Example YAML construct
Example file:
device-name.YAML
hostname: Device-Name
vlans: 2,3,4,5
gateway: 192.0.2.1
mgmt_address: 192.0.2.10
mgmt_netmask: 255.255.255.0
mgmt_interface: Vlan5
site: site-name
rack_a: rack-id-a
rack_b: rack-id-b
position_a: 42
position_b: 41
serial_a: serial-a
serial_b: serial-b
interfaces:
- name: Port-channel1
description:
mode:
vlan:
enabled: False
As you can see the YAML is holding unique information about a device. In this case, the device is a stacked device so some information has a corresponding a and b mapping for the devices that make a stacked pair. For devices that are managed individually, a file per physical device can be used. This is the way I have implemented the code where a shared control plain is in operation as with stacking.
Now, this is just a snippet of course and I would not suggest that these files are created manually. Each file will include many lines for the interfaces available on a device, this is where some helper python scripts come into play.
Example file:
cisco2960-xr_template_create_24.yaml
#!/usr/bin/env python3
with open("cisco2960-xr_24.yaml", "a") as f:
print('hostname: ', file=f)
print('vlans: ', file=f)
print('gateway: ', file=f)
print('mgmt_address: ', file=f)
print('mgmt_netmask: ', file=f)
print('mgmt_interface: ', file=f)
print('site: ', file=f)
print('rack_a: ', file=f)
print('rack_b: ', file=f)
print('position_a: ', file=f)
print('position_b: ', file=f)
print('serial_a: ', file=f)
print('serial_b: ', file=f)
print('interfaces: ', file=f)
for x in range(1, 49):
print(' - name: Port-channel' + str(x), file=f)
print(' description: ', file=f)
print(' mode: ', file=f)
print(' vlan: ', file=f)
print(' enabled: False', file=f)
for x in range(1, 27):
print(' - name: GigabitEthernet1/0/' + str(x), file=f)
print(' description: ', file=f)
print(' mode: ', file=f)
print(' vlan: ', file=f)
print(' channel-group: ', file=f)
print(' enabled: False', file=f)
for x in range(1, 3):
print(' - name: TenGigabitEthernet1/0/' + str(x), file=f)
print(' description: ', file=f)
print(' mode: ', file=f)
print(' vlan: ', file=f)
print(' channel-group: ', file=f)
print(' enabled: False', file=f)
for x in range(1, 27):
print(' - name: GigabitEthernet2/0/' + str(x), file=f)
print(' description: ', file=f)
print(' mode: ', file=f)
print(' vlan: ', file=f)
print(' channel-group: ', file=f)
print(' enabled: False', file=f)
for x in range(1, 3):
print(' - name: TenGigabitEthernet2/0/' + str(x), file=f)
print(' description: ', file=f)
print(' mode: ', file=f)
print(' vlan: ', file=f)
print(' channel-group: ', file=f)
print(' enabled: False', file=f)
A rather simple script that produces YAML file templates on demand. These scripts should be created for different switch models. This is due to the fact certain switch models have different interface quantities and also sometimes different logical naming schemes across device types.
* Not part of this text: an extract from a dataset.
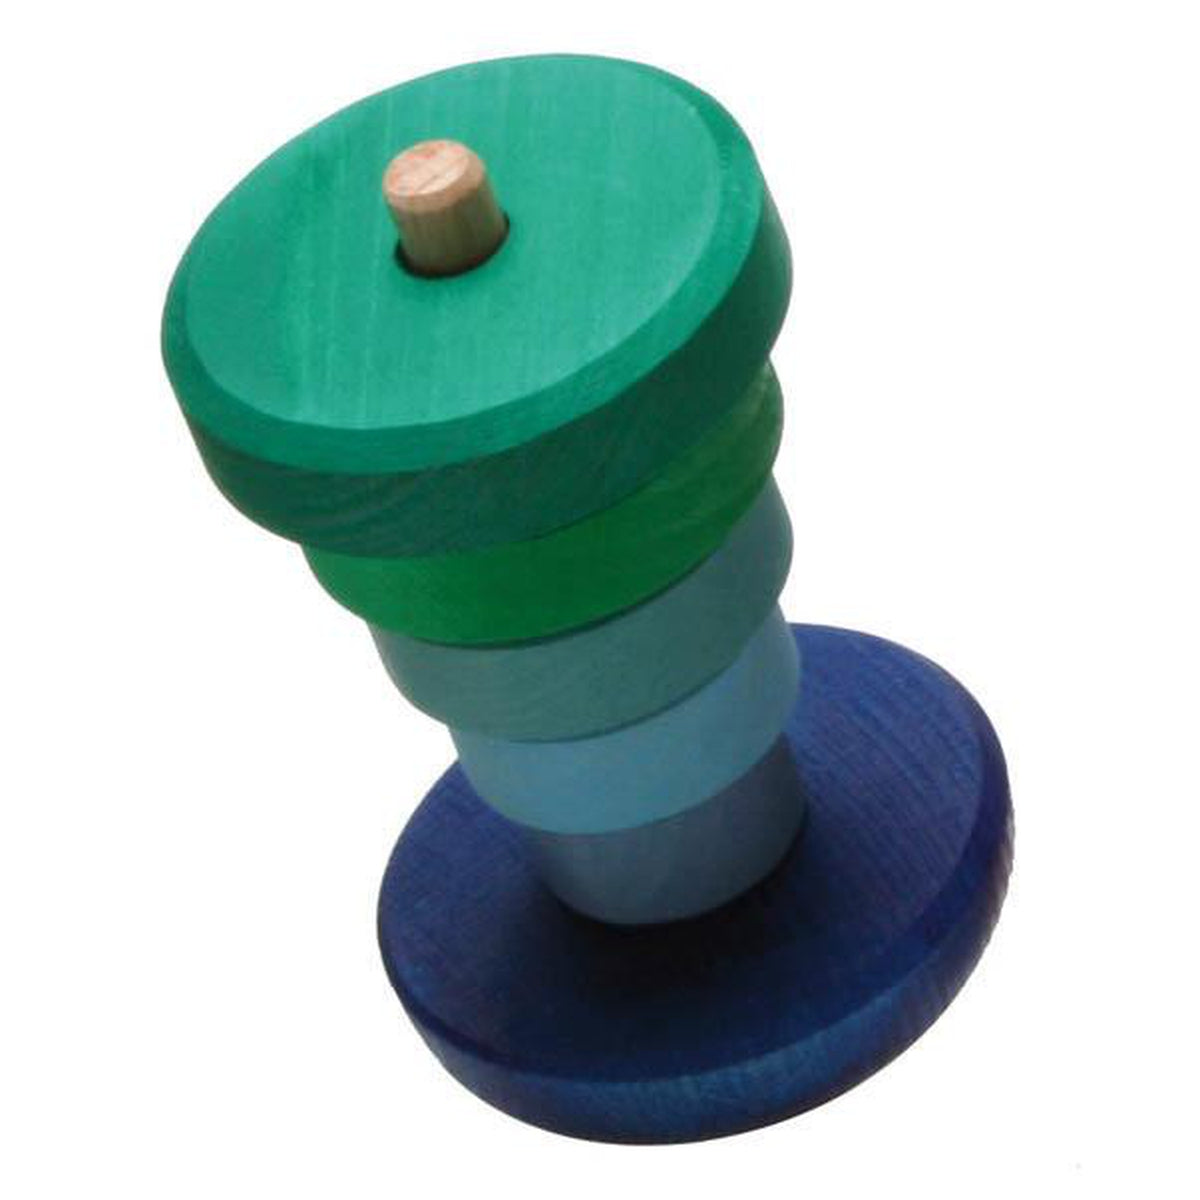 Grimm's wobbly blue stacking tower-baby-Fire the Imagination-Dilly Dally Kids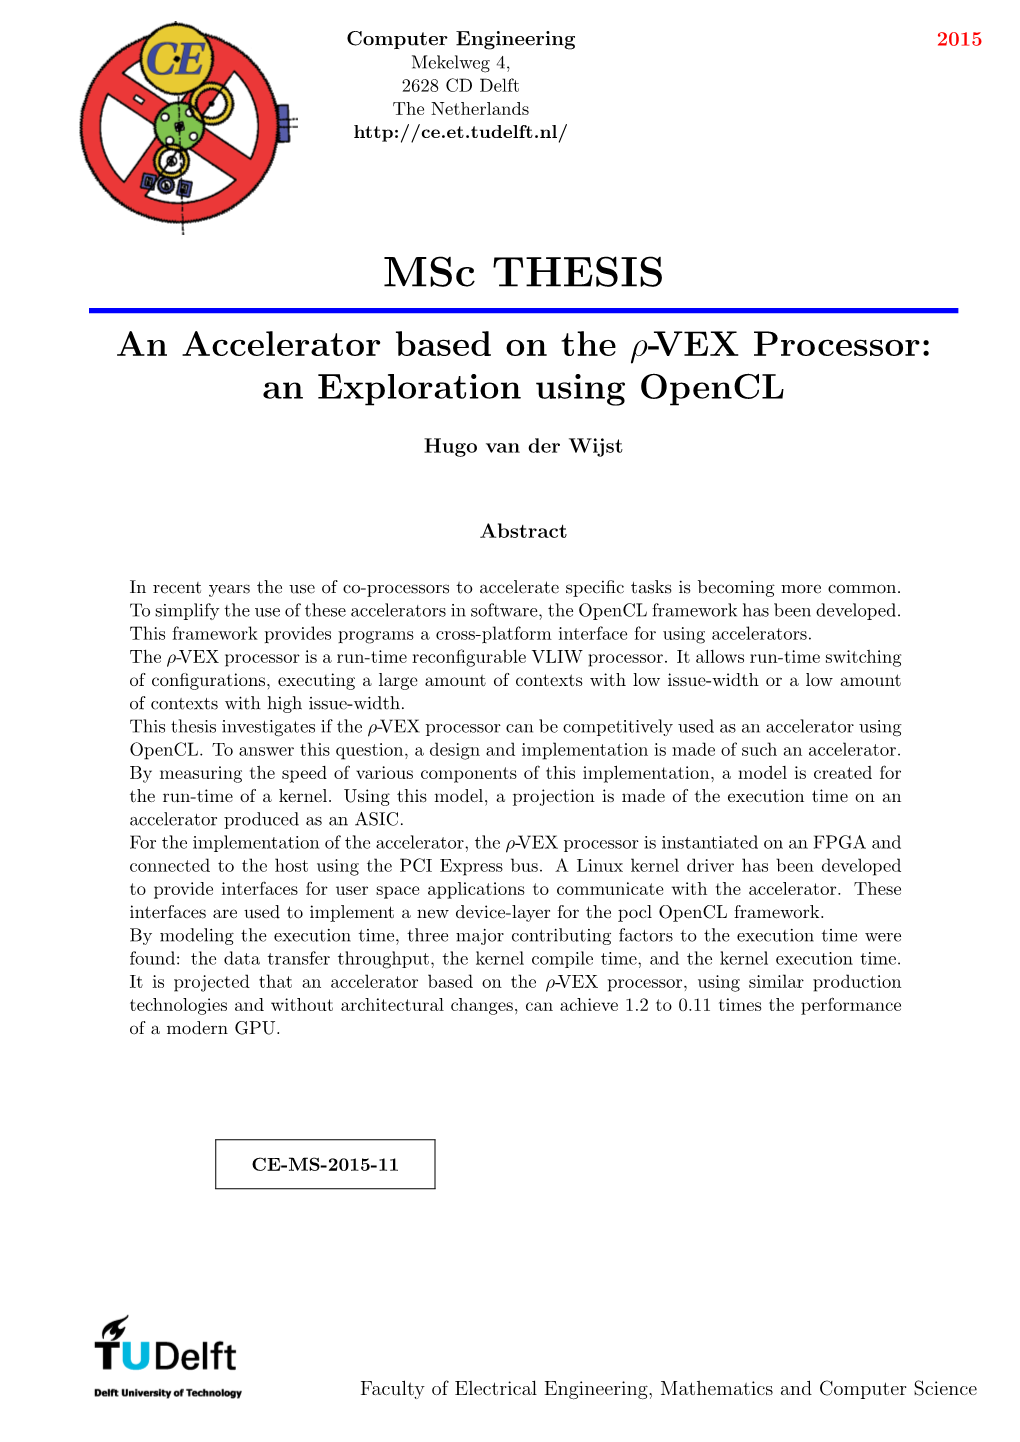 Msc THESIS an Accelerator Based on the Ρ-VEX Processor: an Exploration Using Opencl

These scripts so far are fairly simple and didn’t require much effort to implement. The next however took a considerable amount of time to develop and test.
Example Jinja2 Construct
I decided to use jinja2 as the building block to create device configuration. I knew upfront what a good configuration was and worked backward to create that same good configuration using jinja2 as the templating language. The jinja2 file, therefore, includes all of the static device configurations. It then uses the YAML file to insert the required variables and loop over the interfaces.
Example file:
cisco2960-xr_full_config_template.jinja2
hostname {{ hostname }}
!
.....
!
!
spanning-tree mode rapid-pvst
spanning-tree portfast default
spanning-tree portfast bpduguard default
spanning-tree extend system-id
!
!
vlan {{ vlans }}
!
lldp run
!
{% for interface in interfaces %}
{% if 'Port-channel' in interface['name'] %}
{% if interface['enabled'] %}
interface {{ interface['name'] }}
{% if interface['description'] %}
description {{ interface['description']|upper }}
{% endif %}
{% endif %}
{% if interface['mode'] %}
{% if 'trunk' in interface['mode']|lower %}
{% if interface['vlan'] %}
switchport trunk allowed vlan {{ interface['vlan']}}
switchport mode trunk
!
{% else %}
switchport mode trunk
!
{% endif %}
{% elif 'access' in interface['mode']|lower %}
switchport access vlan {{ interface['vlan'] }}
switchport mode access
!
{% endif %}
{% endif %}
{% endif %}
{% endfor %}
interface FastEthernet0
no ip address
!
.....
This is just a snippet of course. The template also includes code to run against the physical interfaces and also various static system configuration elements but I’ve chopped it out for brevity. The methodology used to get to the stage where this is working correctly, is to keep checking your code is creating a configuration for your device and once the output matches your manual creation, you’ll be in a situation where you have a template that will produce consistent device configuration for that device type. The same applies here as did for the helper scripts. A new jinja2 template will need to be created for each device type being managed using this methodology.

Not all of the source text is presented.